Lets compare the tex file generated by various syntax highlighters:

source-highlight -f latex gives

% Generator: GNU source-highlight, by Lorenzo Bettini, http://www.gnu.org/software/src-highlite
\noindent
\mbox{}\textbf{\textcolor{Blue}{\textbackslash{}definestartstop}}\textcolor{Purple}{[important]} \\

\mbox{}\ \ \ \ \ \ \ \ \ \ \ \ \ \ \ \ [color=red, \\

\mbox{}\ \ \ \ \ \ \ \ \ \ \ \ \ \ \ \ \ style=\textbf{\textcolor{Blue}{\textbackslash{}italic}}] \\

\mbox{}\textbf{\textcolor{Blue}{\textbackslash{}starttext}} \\

\mbox{}This\ is\ an\ \textbf{\textcolor{Blue}{\textbackslash{}important}}\textcolor{ForestGreen}{\{important\}}\ text \\

\mbox{}\textbf{\textcolor{Blue}{\textbackslash{}stoptext}} \\

\mbox{}

pygmentize -f latex gives

\begin{Verbatim}[commandchars=\\
\{\}]
\PY{k}{\PYZbs{}definestartstop}\PY{n+na}{[important]}
                [color=red,
                 style=\PY{k}{\PYZbs{}italic}]
\PY{k}{\PYZbs{}starttext}
This is an \PY{k}{\PYZbs{}important}\PY{n+nb}{\PYZob{}}important\PY{n+nb}{\PYZcb{}} text
\PY{k}{\PYZbs{}stoptext}
\end{Verbatim}

HsColor-latex -partial gives

\textcolor{red}{$\backslash$}{\rm{}definestartstop}\textcolor{red}{[}{\rm{}important}\textcolor{red}{]}\\
\hsspace \hsspace \hsspace \hsspace \hsspace \hsspace \hsspace \hsspace \hsspace \hsspace \hsspace \hsspace \hsspace \hsspace \hsspace \hsspace \textcolor{red}{[}{\rm{}color}\textcolor{red}{=}{\rm{}red}\textcolor{cyan}{,}\\
\hsspace \hsspace \hsspace \hsspace \hsspace \hsspace \hsspace \hsspace \hsspace \hsspace \hsspace \hsspace \hsspace \hsspace \hsspace \hsspace \hsspace {\rm{}style}\textcolor{cyan}{=$\backslash$}{\rm{}italic}\textcolor{red}{]}\\
\textcolor{red}{$\backslash$}{\rm{}starttext}\\
{\rm{}This}\hsspace {\rm{}is}\hsspace {\rm{}an}\hsspace \textcolor{red}{$\backslash$}{\rm{}important}\textcolor{cyan}{\{}{\rm{}important}\textcolor{cyan}{\}}\hsspace {\rm{}text}\\
\textcolor{red}{$\backslash$}{\rm{}stoptext}\\

HsColor and source-highlight use explicit LaTeX commands for spacing and formatting. Ouch! Pygments uses logical markup, but with cryptic command names. But, from the point of view of using pygments output in ConTeXt, the \begin{Verbatim} and \end{Verbatim} are show stopper. (OK, not really. It can be bypassed with some effort).

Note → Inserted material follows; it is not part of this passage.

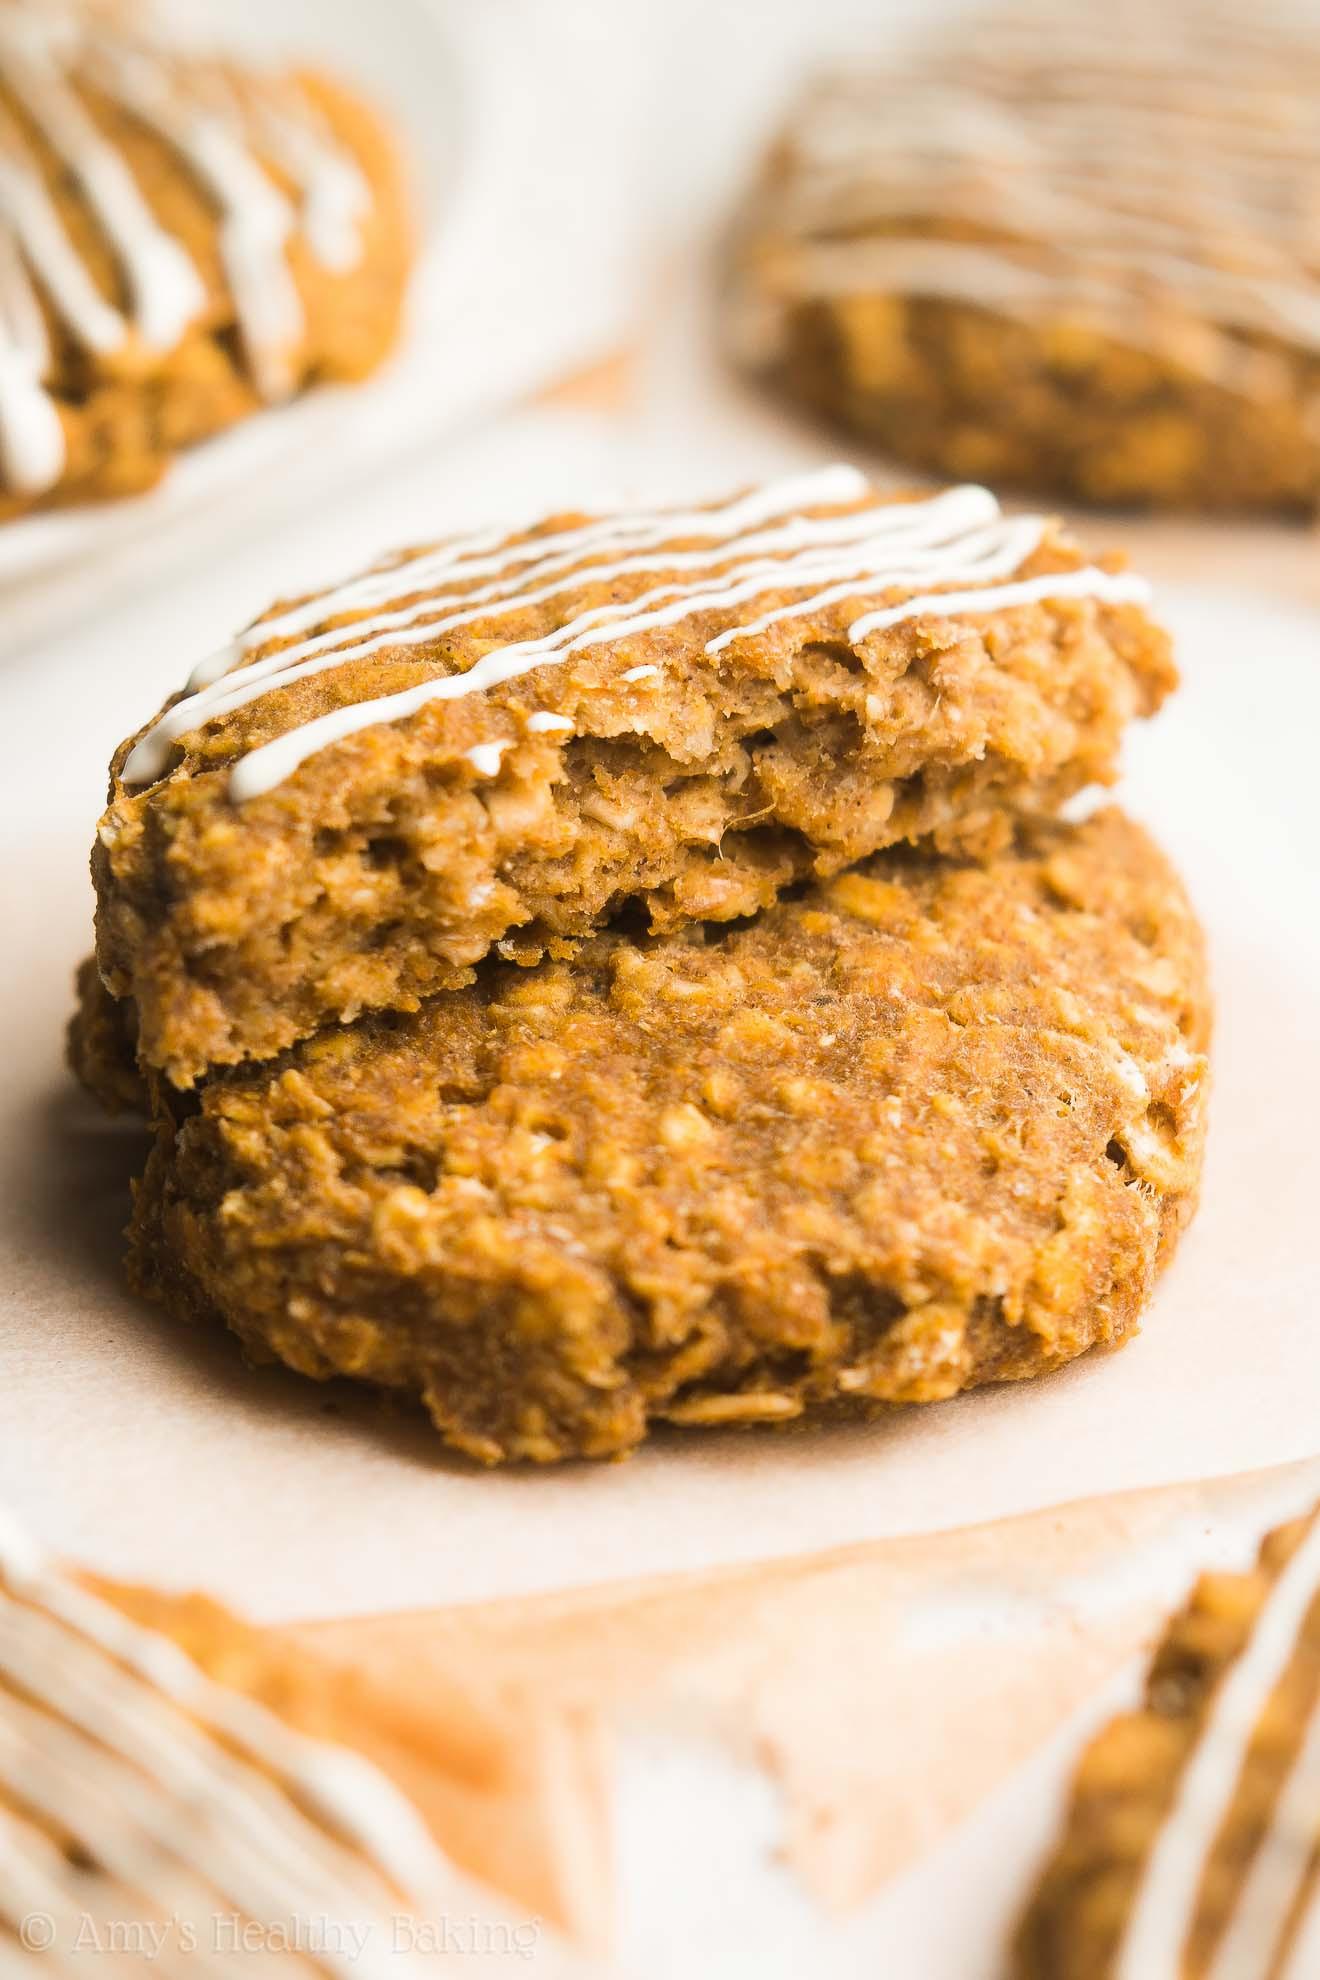 Pumpkin Cookie Recipes Healthy  healthy pumpkin cookies recipes

Based on my experience, I decided to clean up the output generated by 2context.vim:

\SYN[Identifier]{\\definestartstop}[important]
                [color=red,
                 style=\SYN[Identifier]{\\italic}]
\SYN[Statement]{\\starttext}
This is an \SYN[Identifier]{\\important}\{important\} text
\SYN[Statement]{\\stoptext}

I assume only four TeX commands to be defined: \\, \{, and \} for backslash, open brace, and close brace; and \SYN[...]{...} for syntax highlighting. Thus, if anyone wants to reuse 2context in plain TeX or LaTeX, or a yet to be written future macro package, they would not need to modify the output at all. I wish the other syntax highlighting programs did the same.

Can I borrow your highlighter please?

Are you one of those people who always have a highligher ready when reading a book. Miss that functionality in TeX? Don’t worry, its easy to highlight text in ConTeXt

\definebar[highlight]
          [order=background,
           rulethickness=2.5,
           offset=1.25,
           continue=yes,
           color=yellow]

And then

\highlight{word or sentences}

highlights text. This is based on the new mechanism in MkIV that is used to define underbars, overbars, and overstrike. Tweaking it a little bit gives us a highlighter, which afterall is just a fancy line (Aside: in TeX parlance, a line is called a rule. The ConTeXt mechanism that I am using is called a bar. I’ll just call them lines, ’cause that’s what they are.)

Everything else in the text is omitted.